I was supposed to fail… ❤️




This is me with my grandmother; you'll hear more about her in my book. This is

also the youngest picture I have of myself.


I think I was pretty cute, maybe a little plump for my age, but nonetheless cute!


I'm about 11 months old in this photo, and I had just been abandoned in a car by

my biological mother and placed in emergency foster care.


When you are abandoned by the one person who is supposed to keep you safe, life

tends to feel unsafe.


You're left with feelings of being unwanted, worthless, damaged, a bad seed,

unlovable. A feeling that not only you, but your life isn’t important and doesn’t

matter. No one knows or cares if you exist.


And for a long time, I believed all of it to be true.


Then, one achievement at a time, big or small, it didn’t matter. Every time I

accomplished something it was proof to the world that I can do anything I put my

mind to. Every challenge I was faced with and conquered, I slowly stopped listening

to the negative loop that was running in the background of my life.

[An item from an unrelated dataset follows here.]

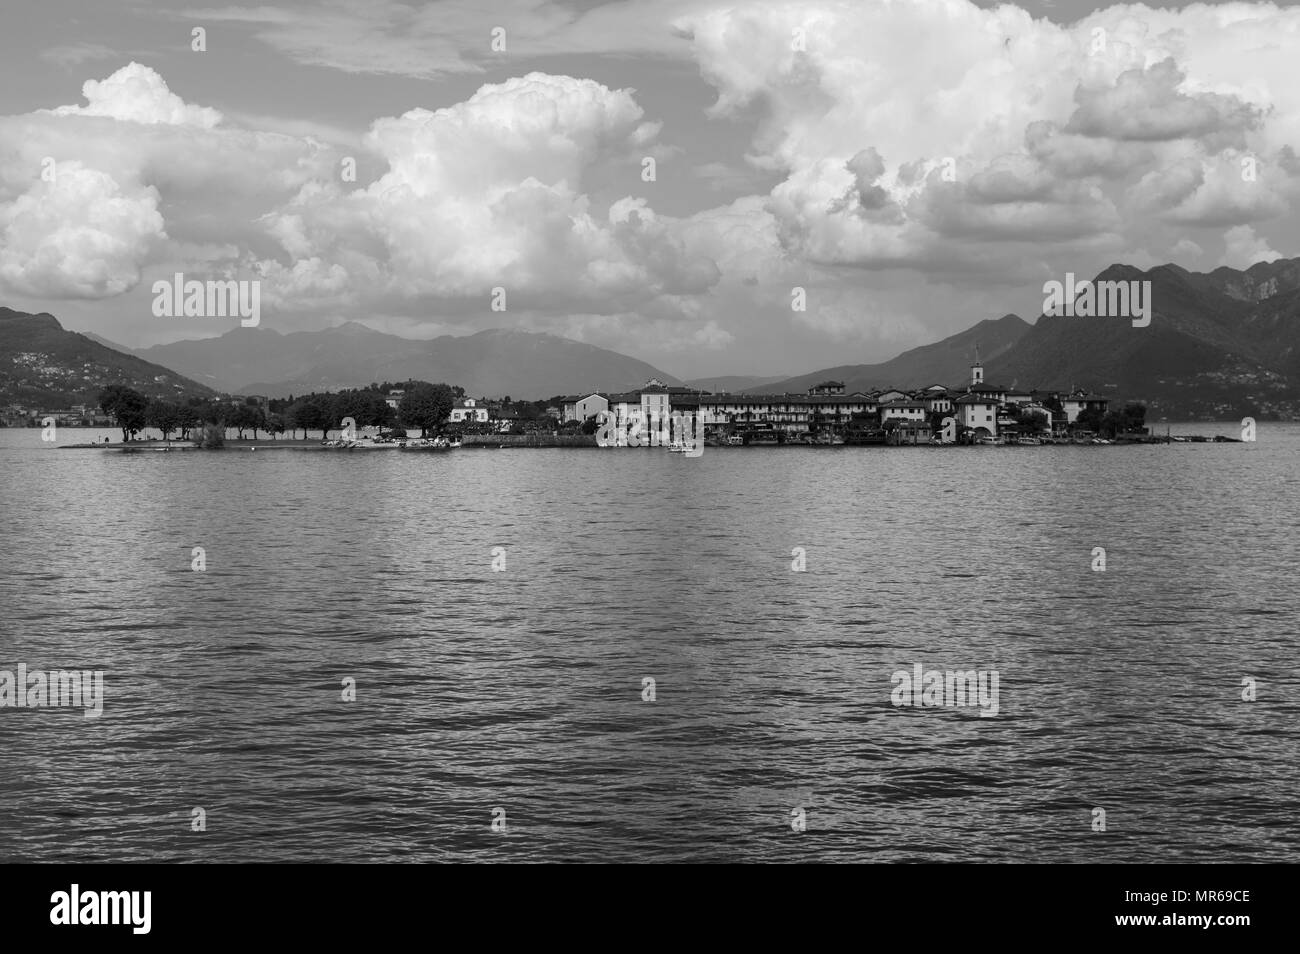 Isola Pescatori, Isole Borromee, Stresa, Verbano-Cusio-Ossola, Piemonte, Italia. Isola Pescatori: island of Lake Maggiore, Piedmont, Italy Stock Photo

I stopped listening to the outside chatter and the noise of other people and their

fears around life.

I stopped listening to the ones who had opinions about young people in or who

came from the foster care system.

I stopped listening to everyone but myself. Sometimes I didn’t always get it right,

but slowly I started to trust myself.


But, if we’re going to being totally honest here, which I hope we always can be,

those voices still show up today. The difference is they are a little quieter and less

frequent than they used to be.


The voices I hear are from the little girl that sits inside me and fears everything and

everyone she meets. She tells me to stop, stay safe and don’t trust anyone. She tells

me to stay quiet and hide, and whatever I do, don’t let anyone see me.


It has taken a long time to convince that scared, guarded little girl that she is safe

and doesn’t need to be so afraid or hide from the world anymore.


These voices I heard were not just the voices inside of me, they were also the voices

and opinions or the picture that was painted of what kids in the foster care system

were like and capable of achieving.


The picture society painted was that most foster youths would never amount to

anything, they would be a statistic and a menace to society.


Maybe, what they were really trying to say is, that we would have to live everyday in

fear, guarded, struggling to survive, protecting ourselves from a society that has

done so many of us wrong?


Yeah, I think that’s what they were trying to say.


I was told at a very young age that I would never succeed in life especially if I chose

to be a hairdresser.


Even though it’s 2023, those of us in the beauty industry are still working hard to

get the world to see the value in the industry and what we do. There is no other

industry out there that is not required to but invests in education so that we can

serve our customers in the best way possible.


Part of my life’s mission is to educate beauty professionals to be proud and secure

in their career choice. To teach them to let go of the stigma and opinions society

still has around choosing a career in the beauty industry.


To teach them to continue to invest in themselves not because it’s expected by the

consumer but because they are worth it.


The point I want to make here is that you are not your story. You are not your past.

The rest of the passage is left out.